Similarly any `0` causes the function to return 0.
(If both a `0` and a `1` are present, the function returns 1)
$$
\text{EVEWA}(L) = \begin{cases}1, & \text{if } \exists, x_i = 1 \\0, & \text{if } \exists, x_i = 0 \\\frac{ \sum\limits_{i=1}^{n} \frac{x_i}{x_i(1 - x_i)} }{ \sum\limits_{i=1}^{n} \frac{1}{x_i(1 - x_i)} }, & \text{otherwise}\end{cases}
$$
### HighValueEmphasisWeightedAverage
aka. HVEWAvg
Calculates a weighted average where values near 1 are weighted much more heavily. Lower values are weighted less.
A single `1` makes the whole function return 1, as it has "infinite" weight.
A `0` has zero weight.
$$
\text{HVEWA}(L) = \begin{cases}1, & \text{if } \exists, x_i = 1 \\\frac{ \sum\limits_{i=1}^{n} \frac{x_i}{1 - x_i} }{ \sum\limits_{i=1}^{n} \frac{1}{1 - x_i} }, & \text{otherwise}\end{cases}
$$
### LowValueEmphasisWeightedAverage
aka.

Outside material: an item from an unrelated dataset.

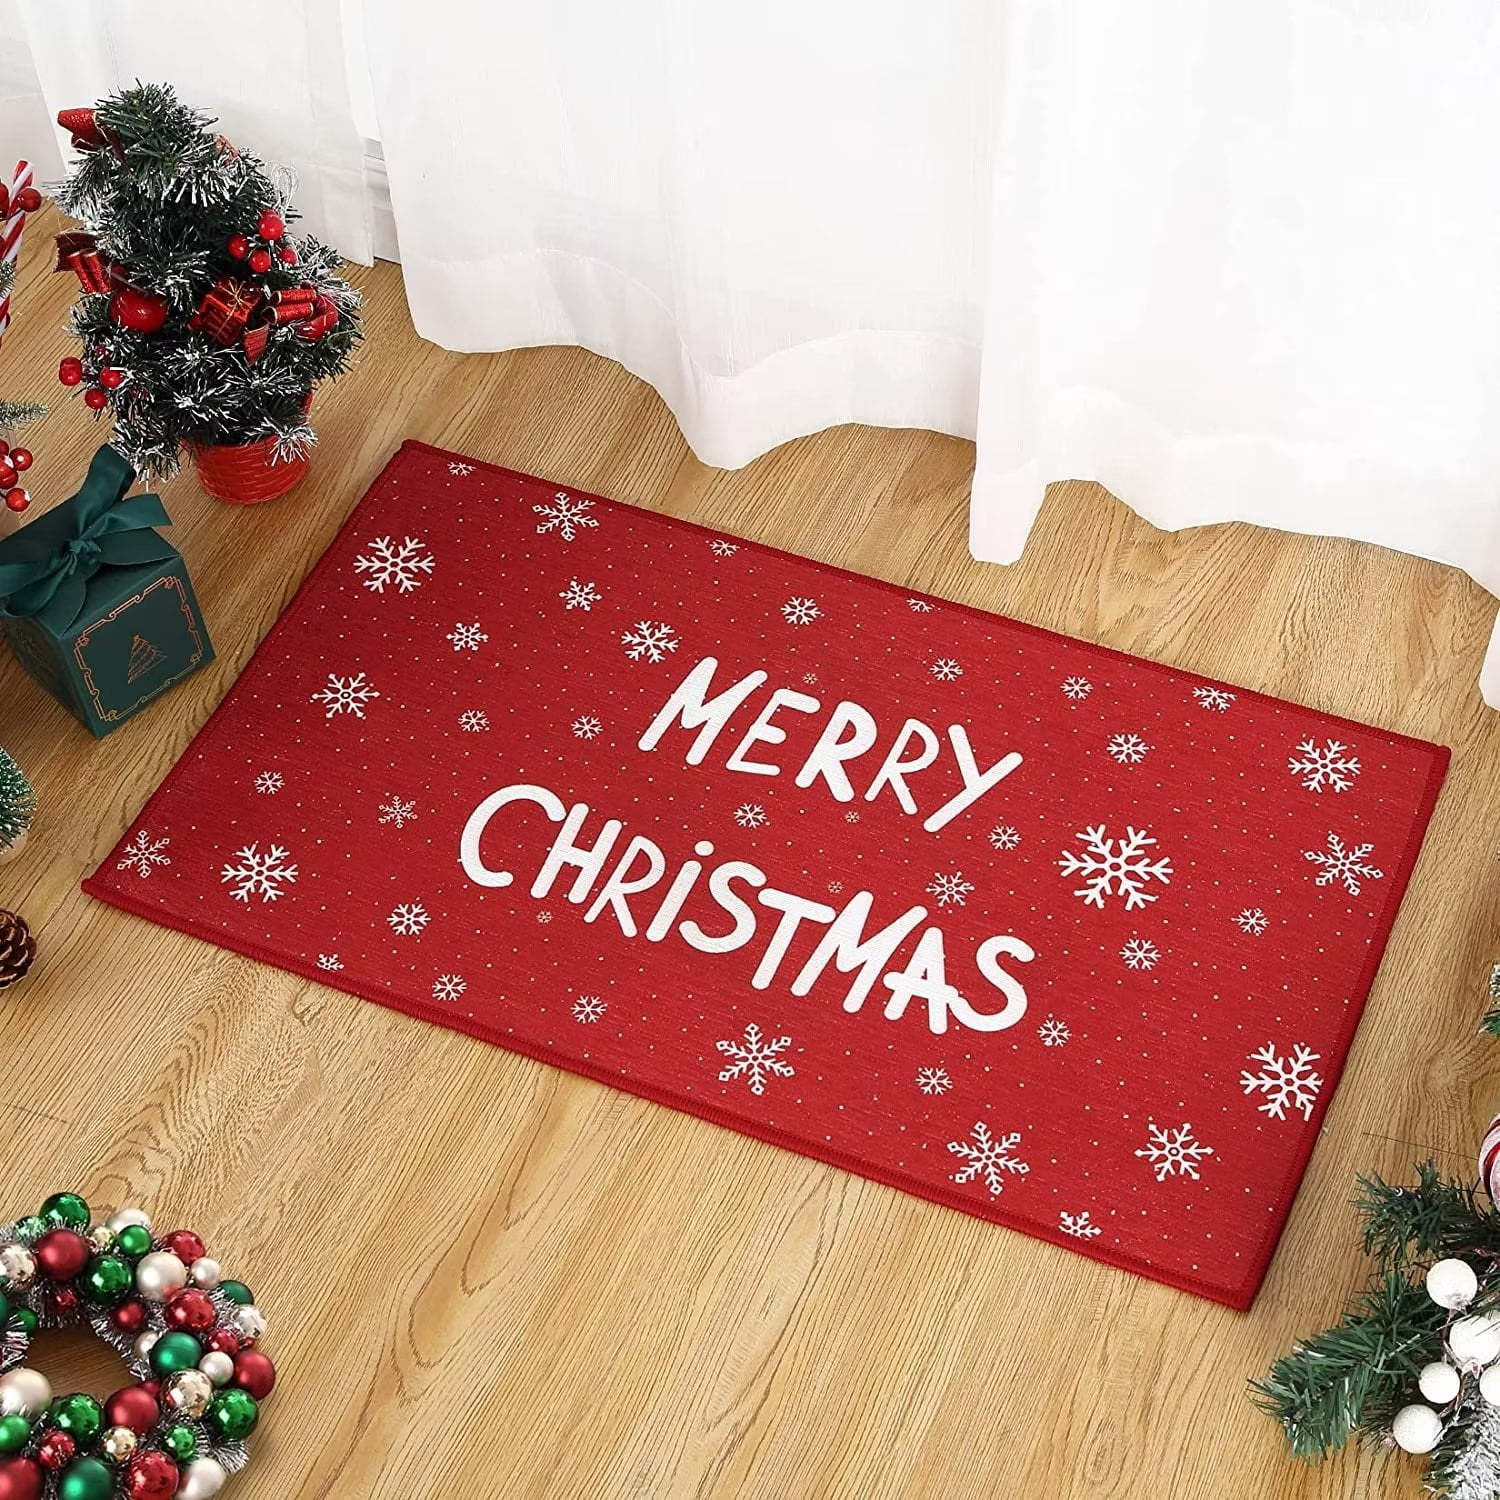 1pc Red & Black Plaid Christmas Themed Door Mat, Odorless Floor Mat, Santa  Claus, Christmas Tree, Deer, Merry Christmas Letter Design Small Carpet,  Welcome Mat For Indoor Entrance, Water Absorbent & Non-slip

LVEWAvg
Calculates a weighted average where values near 0 are weighted much more heavily. Higher values are weighted less.
A single `0` makes the whole function return 0, as it has "infinite" weight.
A `1` has zero weight.
$$
\text{LVEWA}(L) = \begin{cases}1, & \text{if } \exists, x_i = 1 \\\frac{ n}{ \sum\limits_{i=1}^{n} \frac{1}{x_i} }, & \text{otherwise}\end{cases}
$$
### DictionaryWeightedAverage
Calculates a weighted average as specified by the user.
$$
\text{DWA}(L, D) = \frac{ \sum\limits_{i=1}^{n} w_i x_i }{ \sum\limits_{i=1}^{n} w_i }
$$
Where:
- $L = \{(k_1, x_1), (k_2, x_2), \dots, (k_n, x_n)\}$ is the list of keyvalue pairs
- $x_i$ is the float value associated with key $k_i$
- $D : k_i \mapsto w_i$ is a dictionary mapping keys $k_i$ to weights $w_i \in \mathbb{R}$
$
e.g.:
```
probmethod_datapoint = "DictionaryWeightedAverage:{\"ollama:bge-m3\": 4, \"ollama:mxbai-embed-large\": 1}"
probmethod_entity = "DictionaryWeightedAverage:{\"title\": 2, \"filename\": 0.1, \"text\": 0.25}"
```
Returns a single floating point value that represents the resulting similarity for this Entity.
## Python
To ease scripting, tools.py contains all definitions of the .NET objects passed to the script. This includes attributes and methods.